The two Asian giants have faced each other off across the region in recent months, with the most recent confrontation in Bhutan a few months ago when the two accused each other of border violations in a road construction project. Apart from growing blue-water navies on both sides, China has been making significant investments in all countries surrounding India – not only Maldives but Pakistan and Sri Lanka, and has extended its influence in Nepal.
Since February 1, Maldives has been embroiled in domestic turbulence following a standoff between President Abdulla Yameen and the Maldives Supreme Court, which last week ruled that nine opponents of the president had been unfairly convicted.

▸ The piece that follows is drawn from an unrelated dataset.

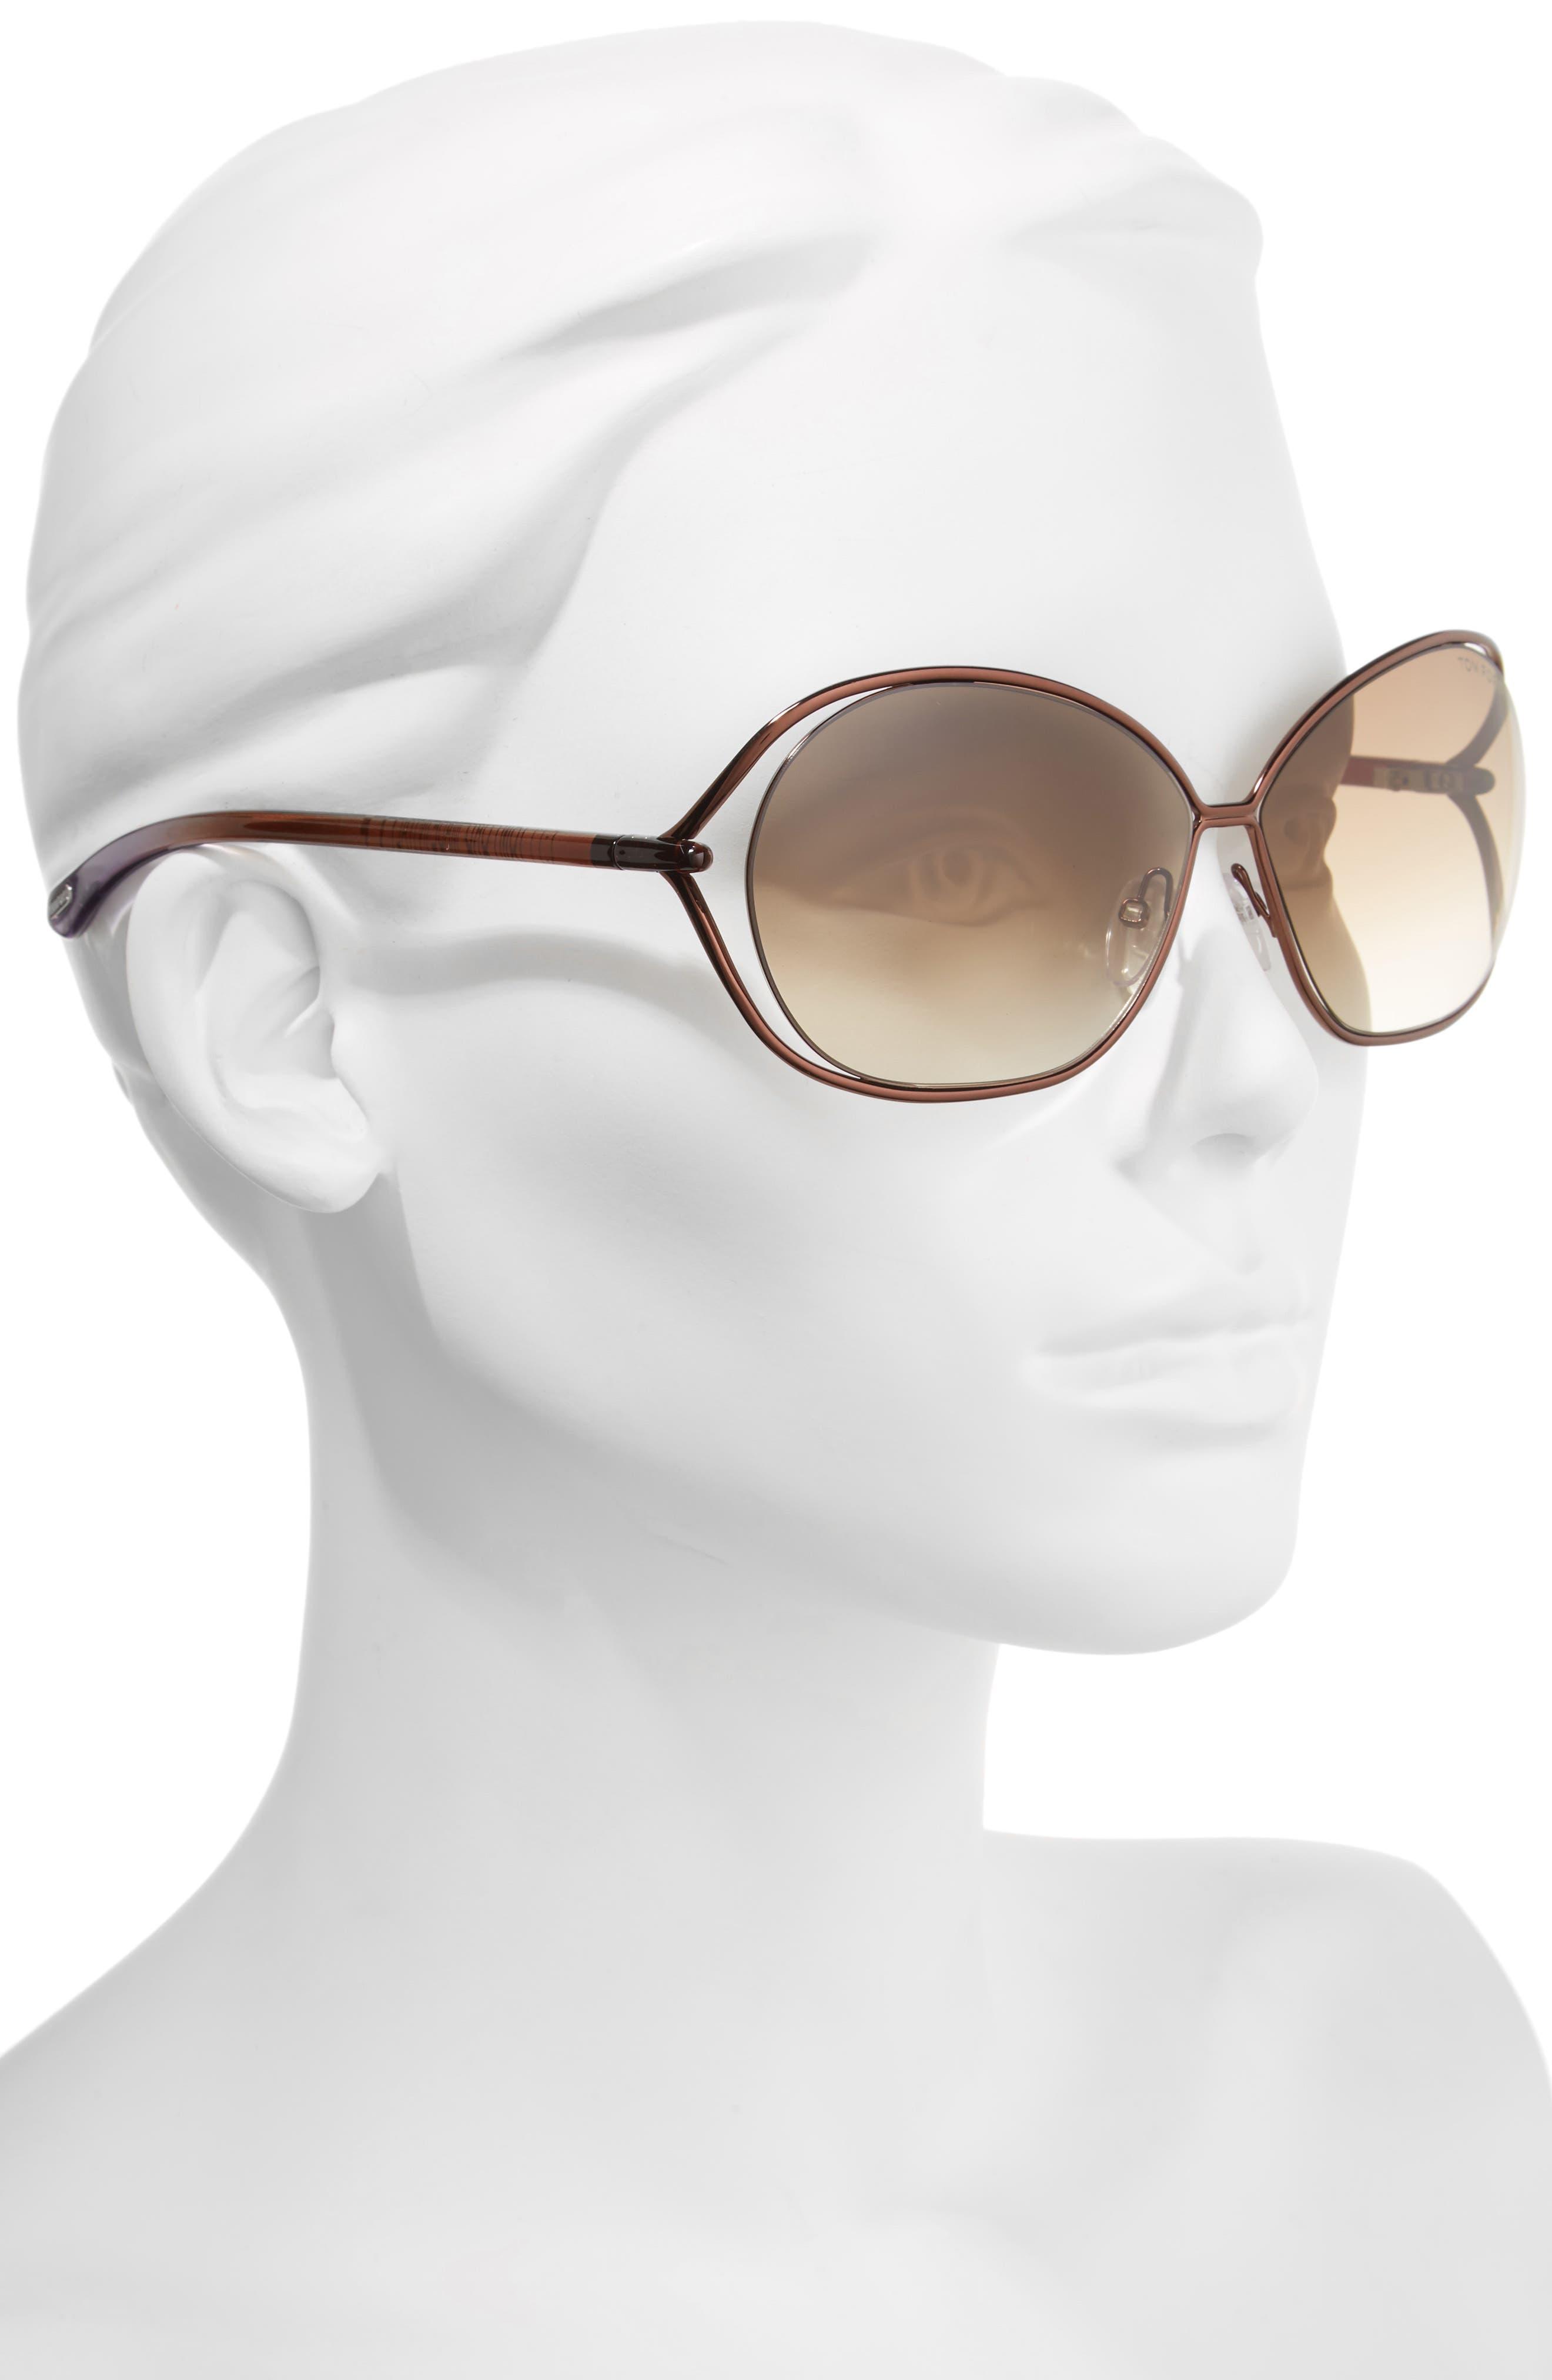 Alternate Image 2  - Tom Ford 'Carla' 66mm Oversized Round Metal Sunglasses

These opponents include exiled former president Mohamed Nasheed, widely regarded as a reformer, who was ousted from the presidency in 2015, was sentenced to 13 years in prison after a trial broadly viewed as politically motivated, and Mohamed Nazim, a former defense minister who many Maldivians believe was framed. Opposition protests have gathered momentum as the president continues to defy the court’s order to free the jailed dissidents. Fearing a coup, he has also declared a 15-day state of emergency citing “security concerns" in the Indian Ocean nation.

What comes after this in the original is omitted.